Несмотря на разочарование, постигшее его в Уорм-Спрингз, Рузвельт полюбил это место - его тишину, густые сосны, мерное журчание воды... Президент обращал не слишком много внимания на то, что его окружали убогие деревянные постройки. Единственным каменным зданием была старомодная, давно не ремонтированная трехэтажная гостиница. Для Рузвельта выстроили коттедж, вернее, несколько коттеджей, в том числе для гостей и для обслуживающего персонала. В 1927 году усилиями будущего президента был создан лечебный центр для жертв полиомиелита - "Джорджия Уорм-Спрингз Фаундейшн". Как утверждали, Рузвельт затратил на это две трети своего состояния.
...Теперь президент лежал в постели, наслаждаясь мыслью, что он так далеко от Вашингтона. Все было бы ничего, если бы не сильная головная боль. Голова болела, вероятно, оттого, что он плохо спал. По правде говоря, он чувствовал себя усталым и измученным. Совсем недавно он преодолел тысячи миль, посетил Ялту, где участвовал в Конференции руководителей трех союзных держав, которой - Рузвельт был уверен в этом - предстояло обеспечить благополучие послевоенного мира.
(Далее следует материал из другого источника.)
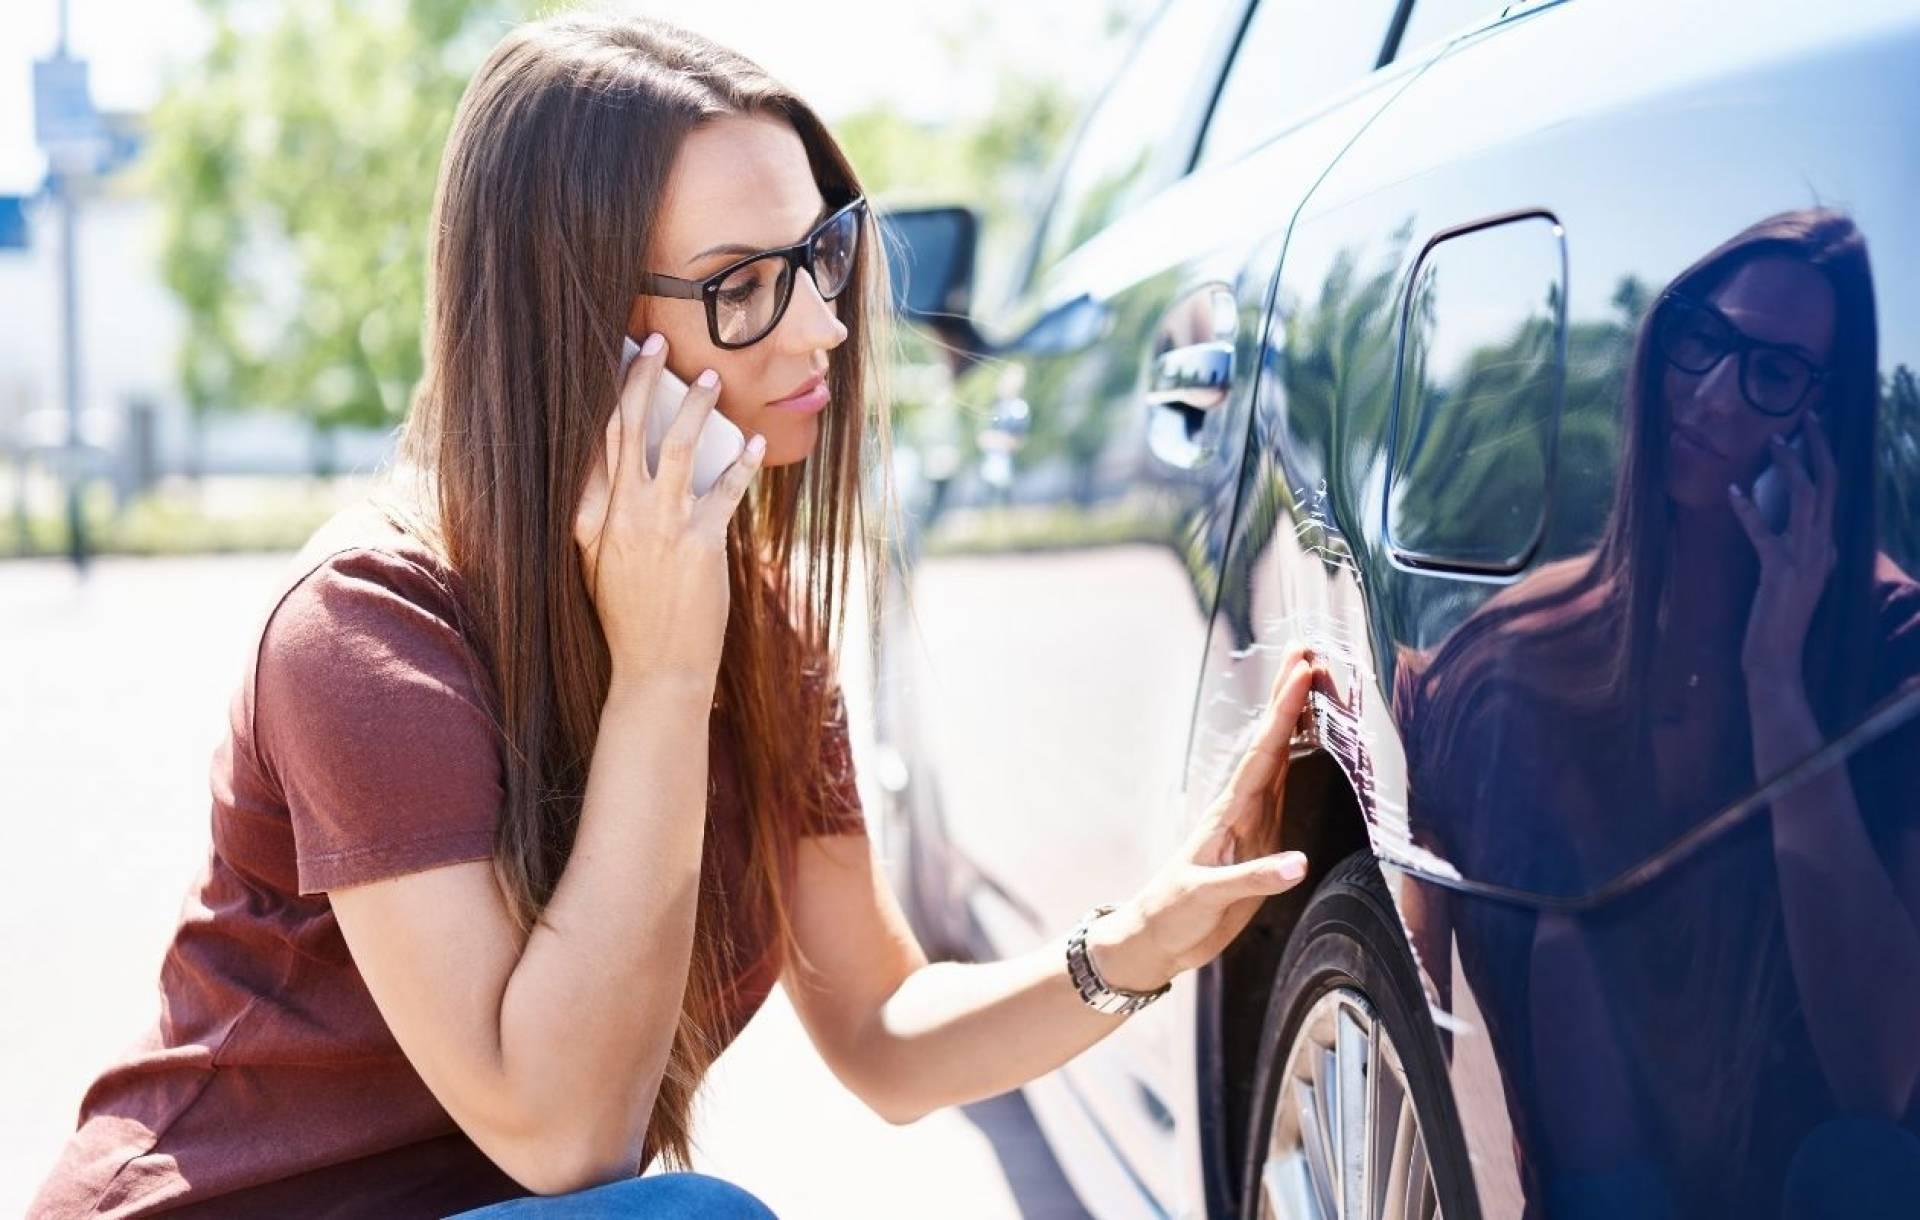 Lease Car Damages

Президент надеялся отдохнуть, вернувшись в Вашингтон, но это оказалось нереальным - на него тотчас легло бремя бесчисленных новых забот.
Только теперь ему наконец удалось вырваться в свой любимый Уорм-Спрингз. Здесь он рассчитывал хоть не-много прийти в себя.
Сегодня Рузвельт, в сущности, мог бы еще поспать - негр Артур Приттиман, камердинер президента, с вечера предупредил его, что самолет с очередной почтой из Вашингтона задерживается ввиду нелетной погоды. Но хоть президент и не выспался, болезненная тяжесть в затылке мешала ему снова заснуть.
- Артур! - позвал он.
Приттиман появился тотчас же. Он был одним из людей, беззаветно преданных Рузвельту. Вообще все, кто составлял ближайшее окружение президента, были ему преданы. Рузвельт обладал удивительным свойством на всю жизнь привязывать к себе людей.
- Доброе утро, мистер президент! - с улыбкой сказал Приттиман. - Все в порядке?
Жаловаться на головную боль Рузвельт не стал. Об этом тотчас узнал бы врач, - нет, не личный врач президента Росс Макинтайр, а его помощник, молодой кардиолог Говард Брюнн, последнее время сопровождавший президента повсюду. Макинтайр остался в Вашингтоне. Никто в Соединенных Штатах не должен был знать, что президент на неопределенное время покинул столицу. Для миллионов американцев Рузвельт находился по-прежнему там, в Белом доме, за своим рабочим столом в Овальном кабинете.
- Почта не пришла? - на всякий случай спросил Рузвельт и, не дожидаясь ответа, попросил: - Принеси мне местную газету. И завтрак. Все как обычно: яичницу с беконом и кусочек поджаренного хлеба.
В еде Рузвельт был постоянен и неприхотлив.
- Слушаюсь, сэр, - отозвался Приттиман. Выйдя, он тотчас вернулся с газетой. - Завтрак будет сейчас готов, сэр.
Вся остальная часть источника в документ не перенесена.